For simplicity, we will assume other services do not make changes to the customer’s name, contact information, or addresses. That is the sole responsibility of the Accounts service.

Source code for the Accounts service is available on GitHub.

Orders Service

The Orders service is responsible for managing a customer’s past and current orders; it is the system of record for the customer’s order history. A partial view of the data model for the Orders service is shown below. This cluster of domain objects represents the Customer Orders Aggregate.

orders-diagram

The CustomerOrders class, the Order service’s primary data entity, is persisted in MongoDB. This entity contains a history of all the customer’s orders (Order data objects), along with the customer’s name, contact information, and addresses. In the Orders MongoDB database, a CustomerOrders, represented as a BSON document in the customer.orders database collection, looks as follows (gist).

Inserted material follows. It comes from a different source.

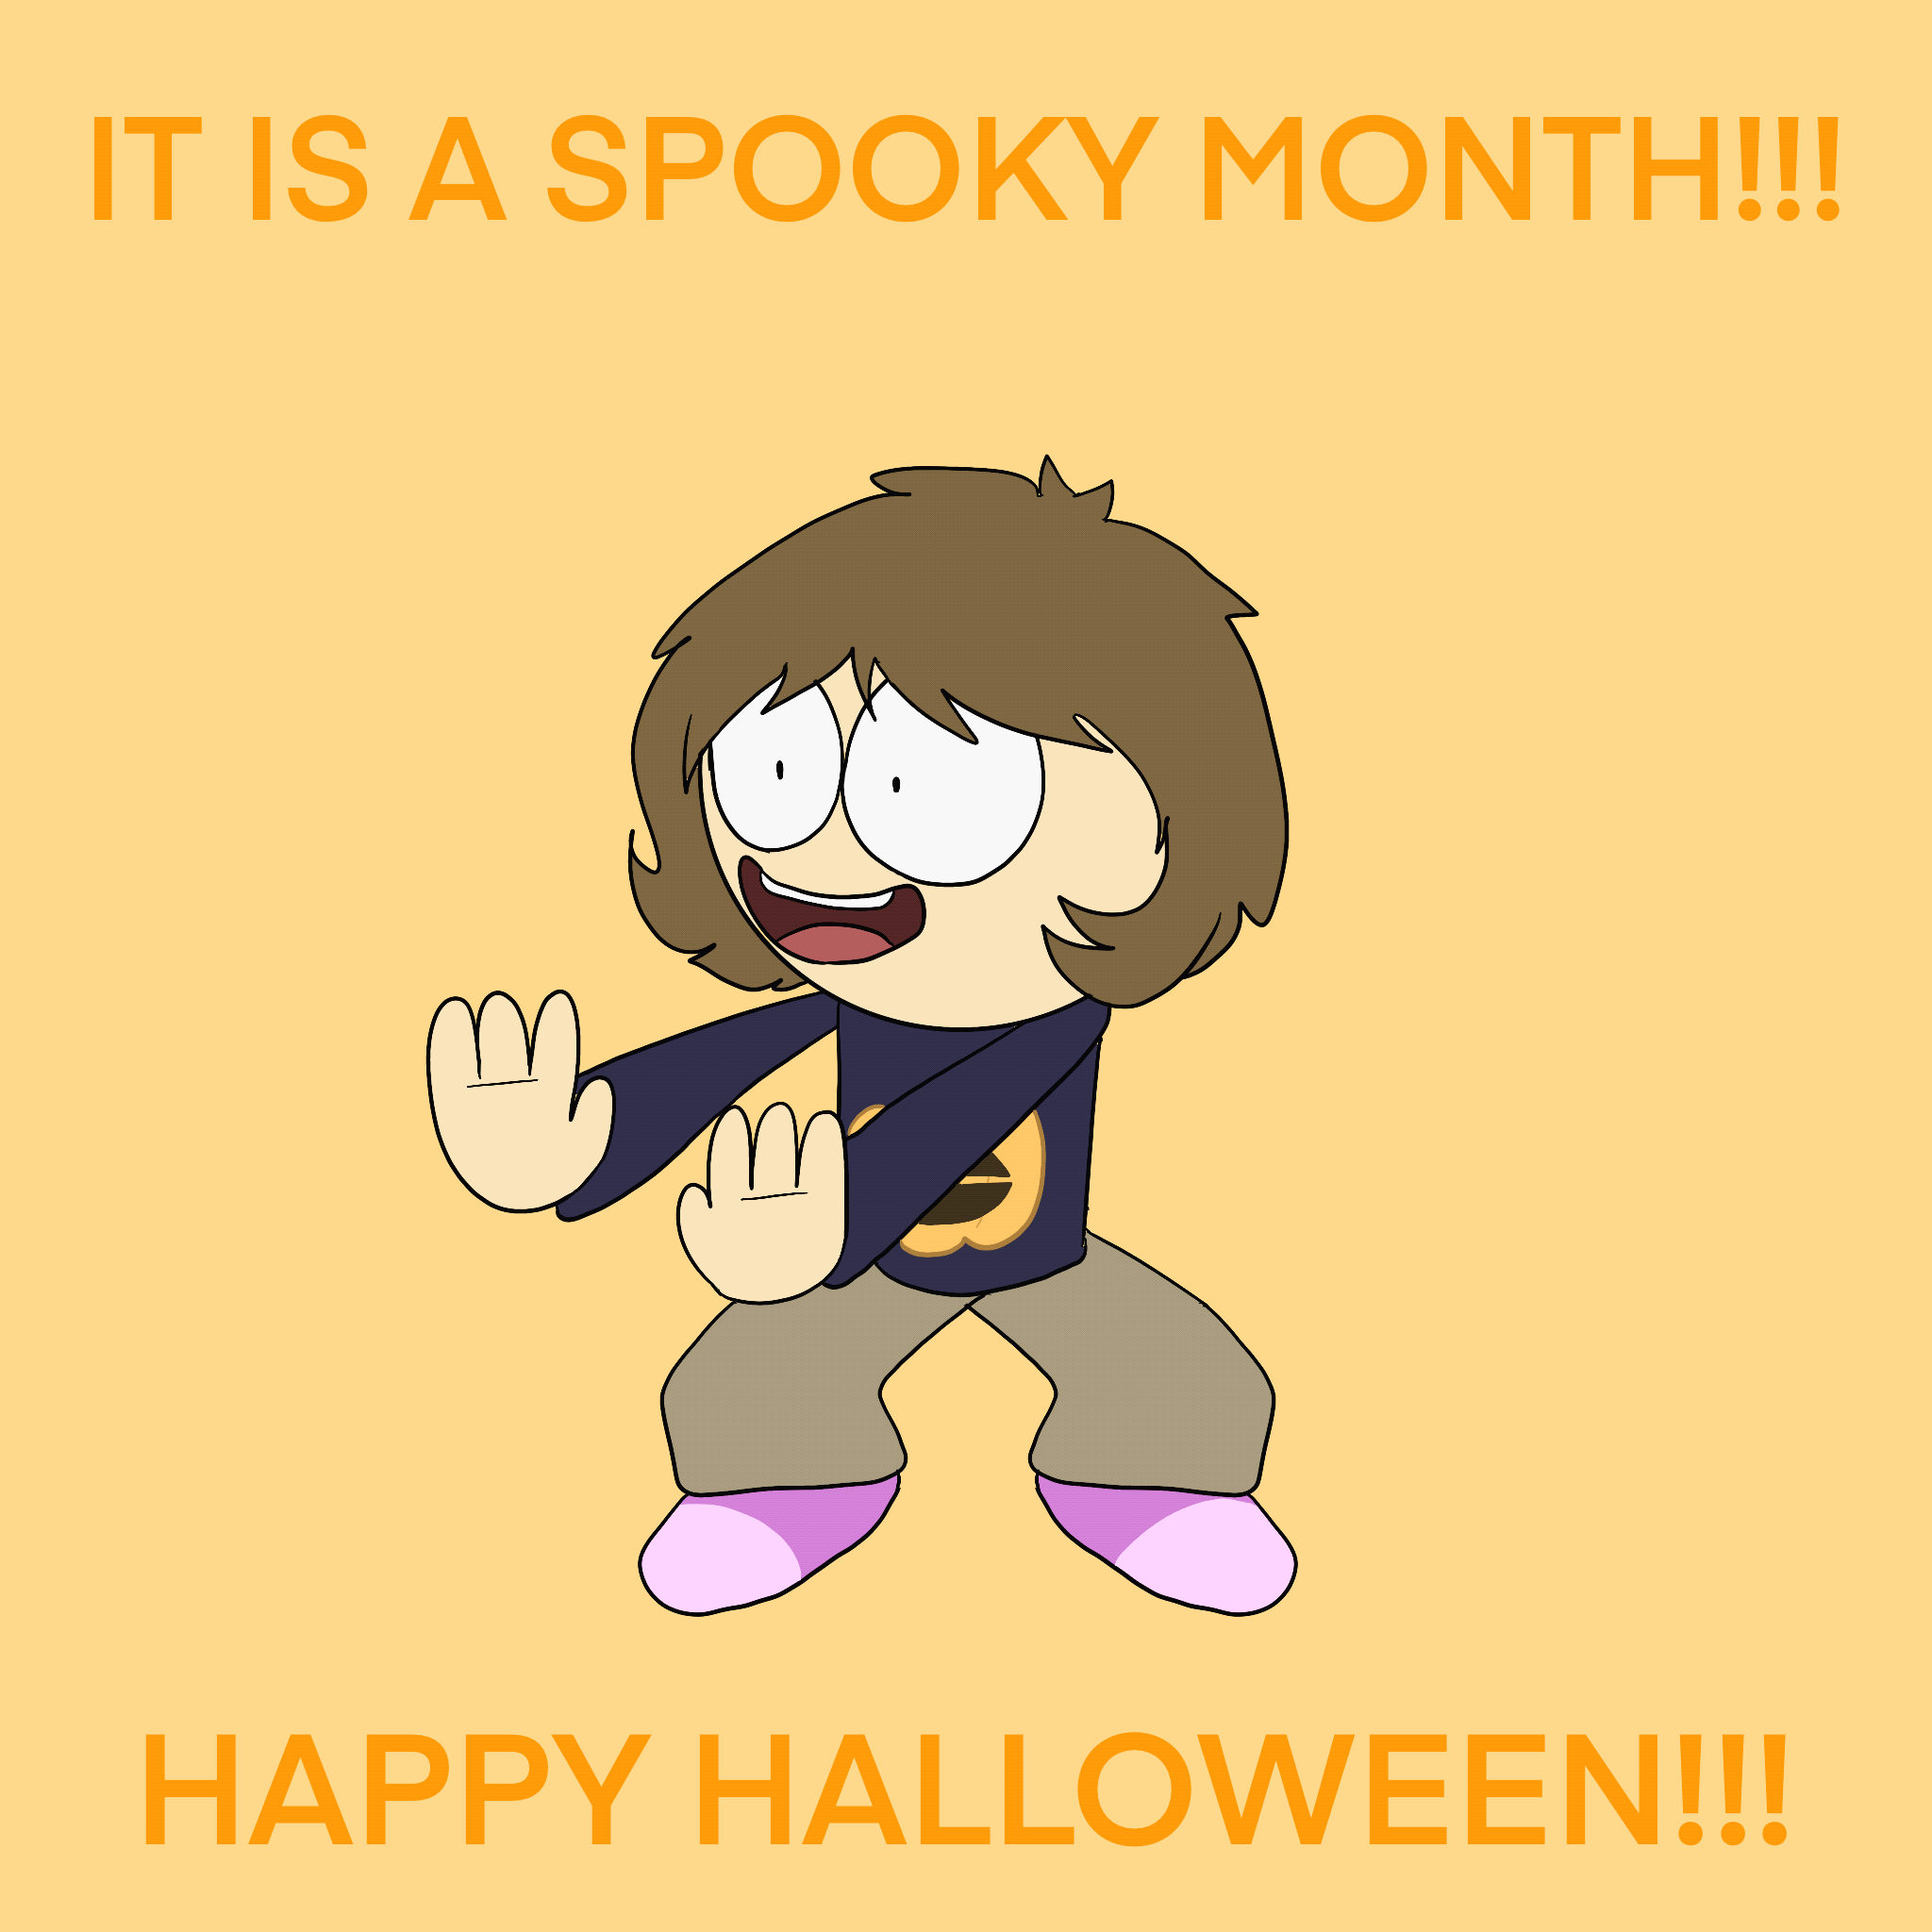 IT'S A SPOOKY MONTH!! (Animated Gif) by Tyro1301 on DeviantArt

Along with the primary CustomerOrders entity, the Orders service contains the FulfillmentRequestEvent class. As a Kafka producer, the Orders service uses the FulfillmentRequestEvent domain event object to carry state information about an approved order, ready for fulfillment, which it sends to Kafka for consumption by the Fulfillment service. TheFulfillmentRequestEvent object only contains the information it needs to share. In our example, it shares a single Order, along with the customer’s name, contact information, and shipping address.

orders-event-diagram

Since the FulfillmentRequestEvent domain event object is not persisted in MongoDB, we can look at it’s JSON message payload in Kafka. Again, note the structural differences between the CustomerOrders document in MongoDB and the FulfillmentRequestEvent message payload in Kafka (gist).

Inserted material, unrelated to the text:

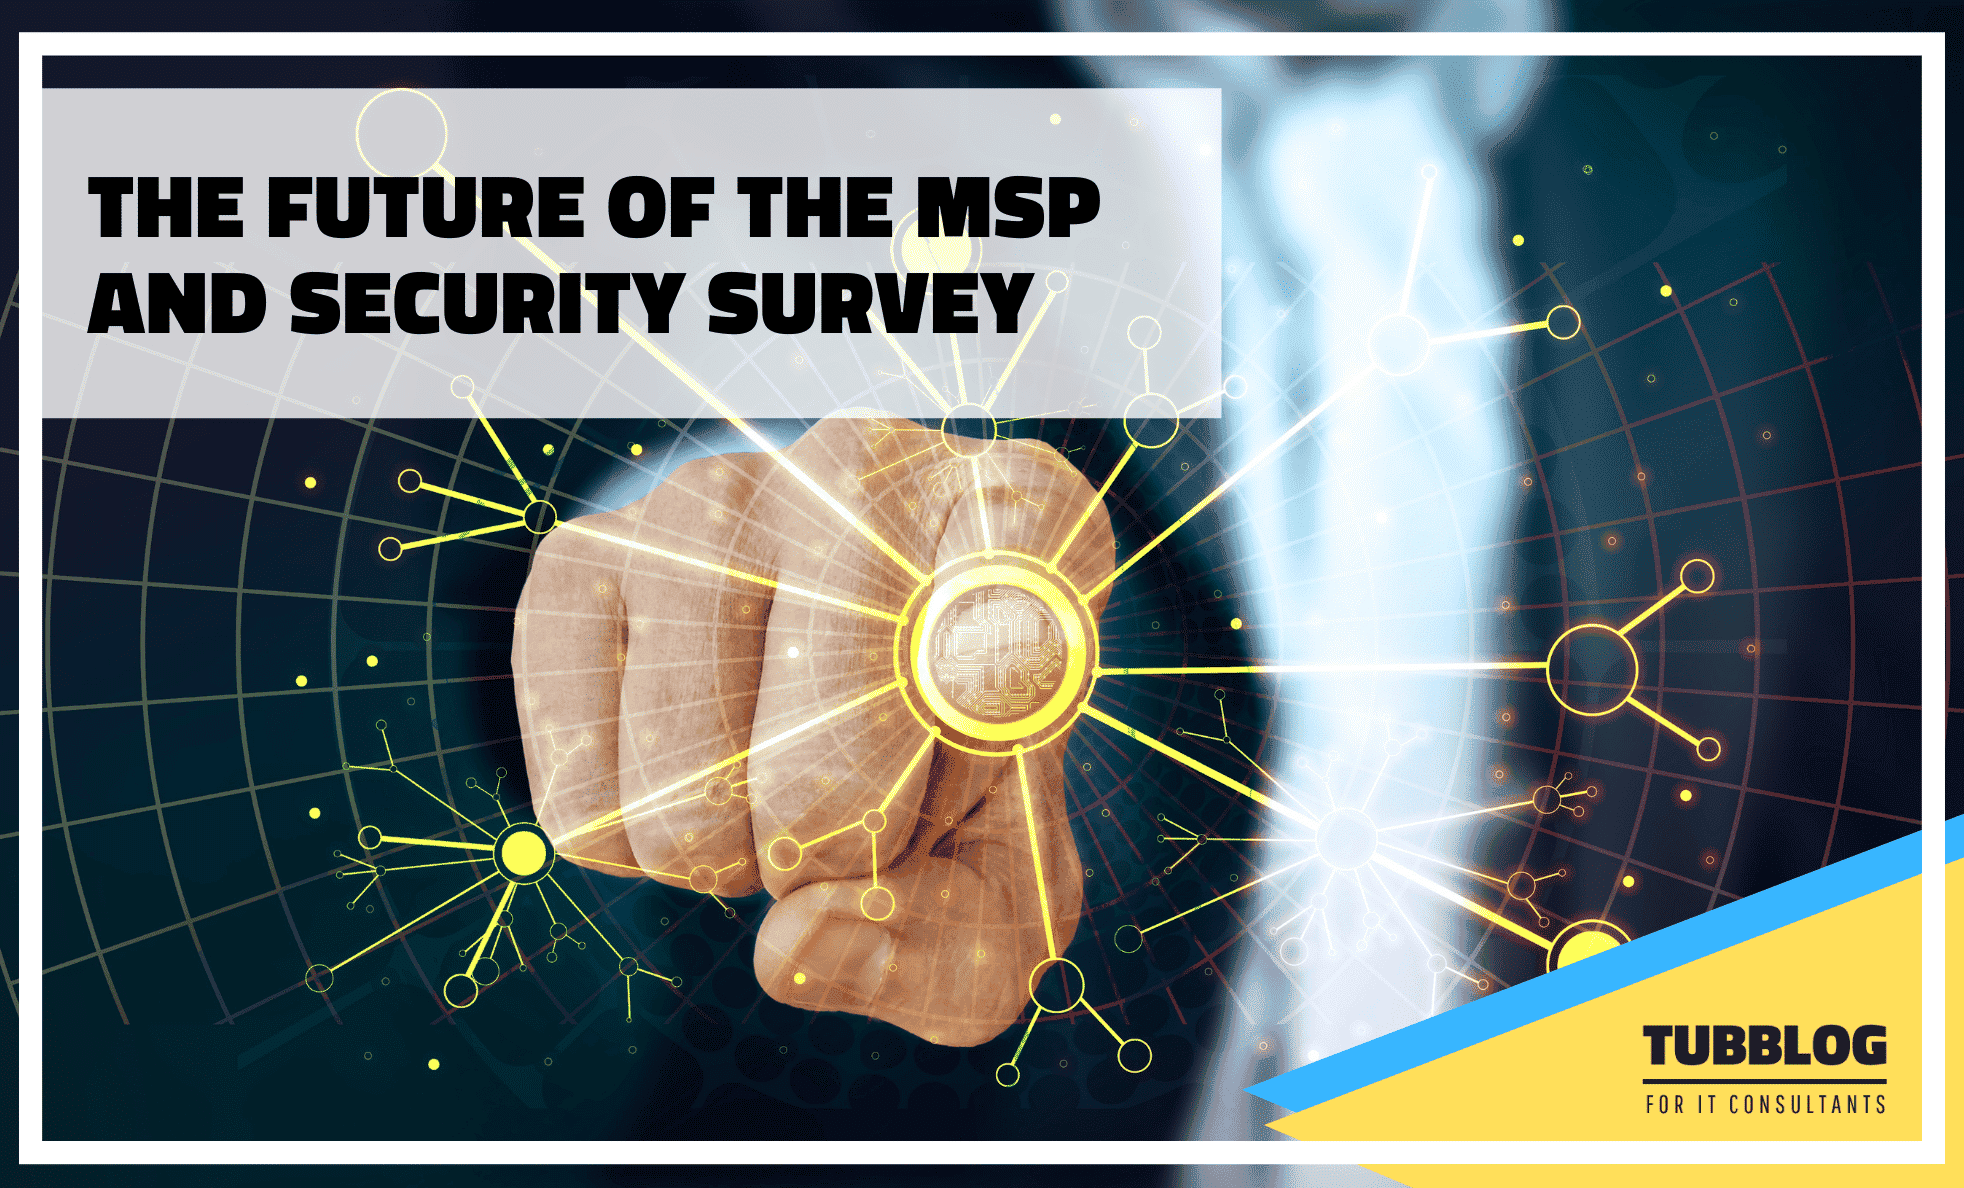 The Future of the MSP and Security Survey

Source code for the Orders service is available on GitHub.

Fulfillment Service

Lastly, the Fulfillment service is responsible for fulfilling orders. A partial view of the data model for the Fulfillment service is shown below. This cluster of domain objects represents the Fulfillment Aggregate.

fulfillment-diagram

The Fulfillment service’s primary entity, the Fulfillment class, is persisted in MongoDB. This entity contains a single Order data object, along with the customer’s name, contact information, and shipping address. The Fulfillment service also uses the Fulfillment entity to store latest shipping event, such as ‘Shipped’, ‘In Transit’, and ‘Received’. The customer’s name, contact information, and shipping addresses are managed by the Accounts service, replicated to the Orders service, and passed to the Fulfillment service, via Kafka, using the FulfillmentRequestEvent entity.

In the Fulfillment MongoDB database, a Fulfillment object, represented as a BSON document in the fulfillment.requests database collection, looks as follows (gist).

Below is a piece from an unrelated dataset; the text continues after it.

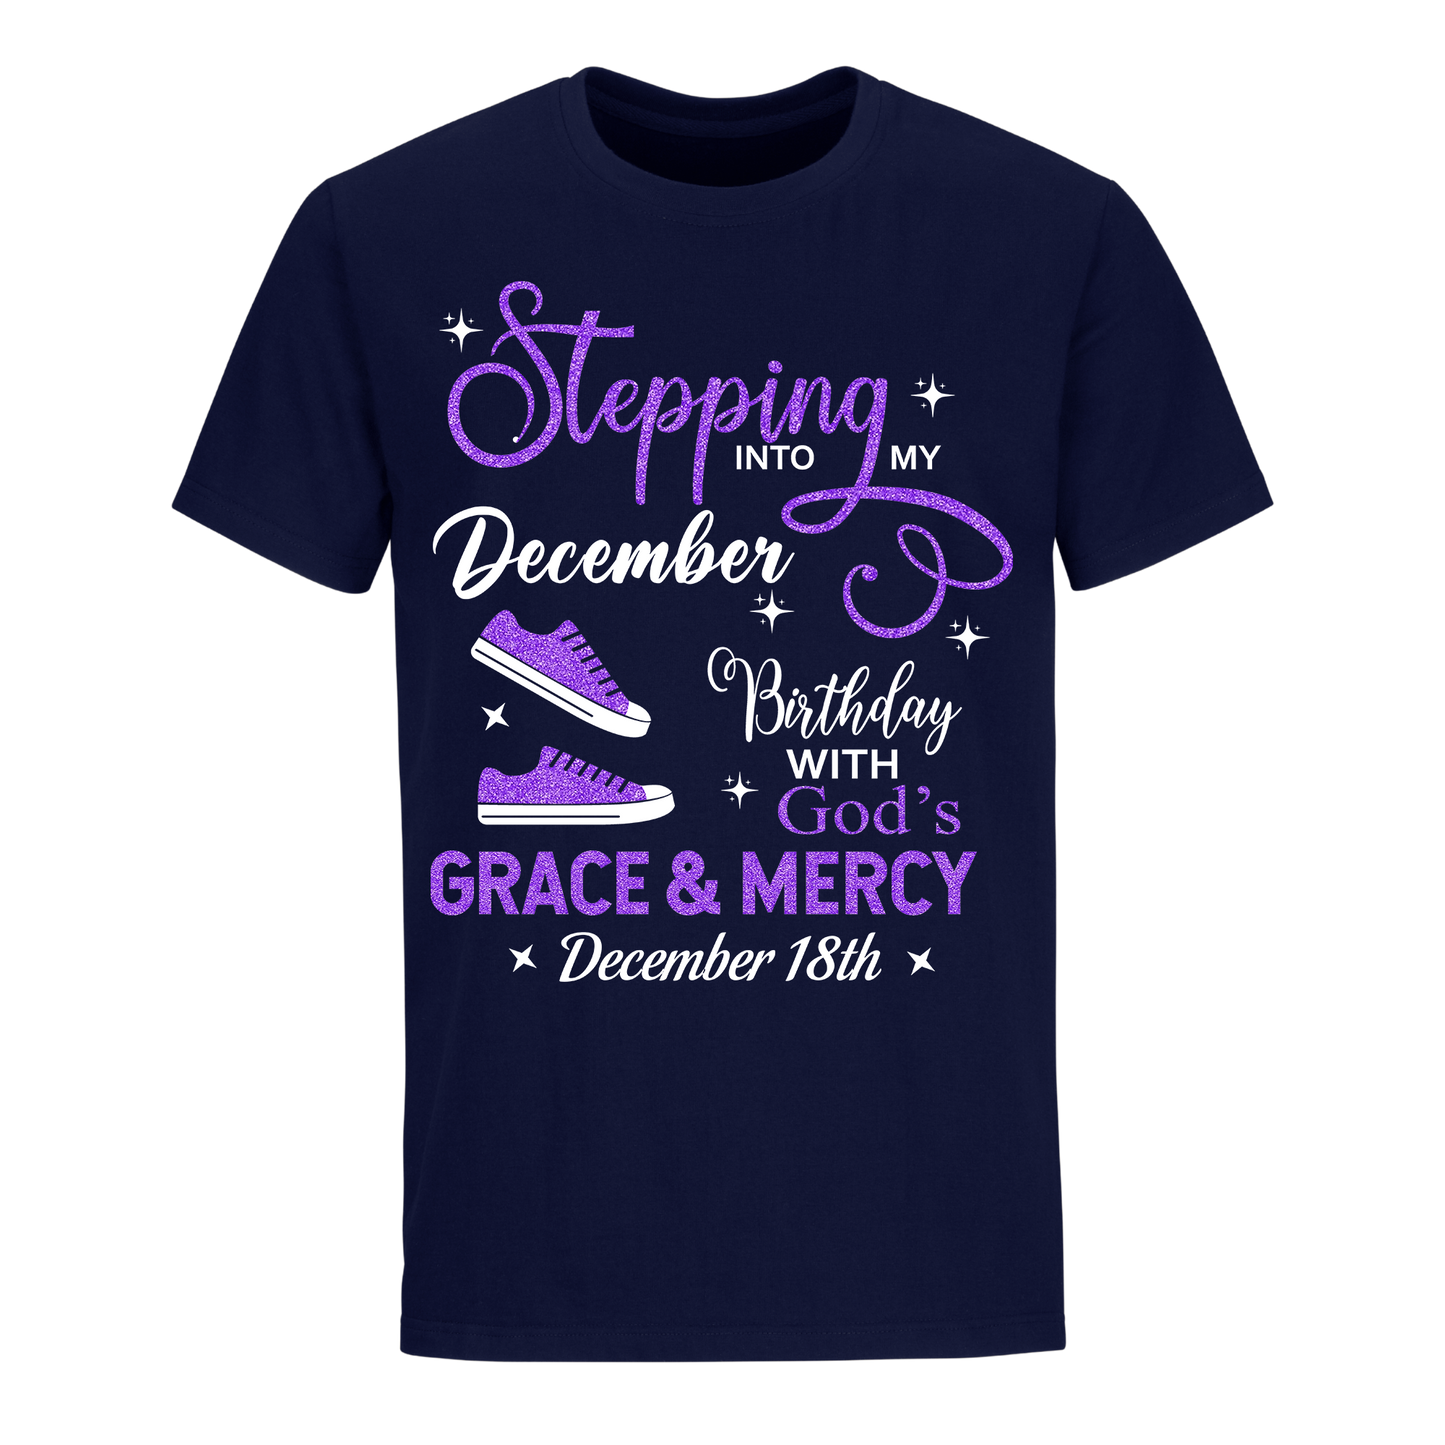 DECEMBER 18 GRACE AND MERCY

Along with the primary Fulfillment entity, the Fulfillment service has an OrderStatusChangeEvent class. As a Kafka producer, the Fulfillment service uses the OrderStatusChangeEvent domain event object to carry state information about an order’s fulfillment statuses. The OrderStatusChangeEvent object contains the order’s UUID, a timestamp, shipping status, and an option for order status notes.

fulfillment-event-diagram

Since the OrderStatusChangeEvent domain event object is not persisted in MongoDB, to examine it, we can again look at it’s JSON message payload in Kafka (gist).

Source code for the Fulfillment service is available on GitHub.

State Change Event Messaging Flows

There is three state change event messaging flows demonstrated in this post.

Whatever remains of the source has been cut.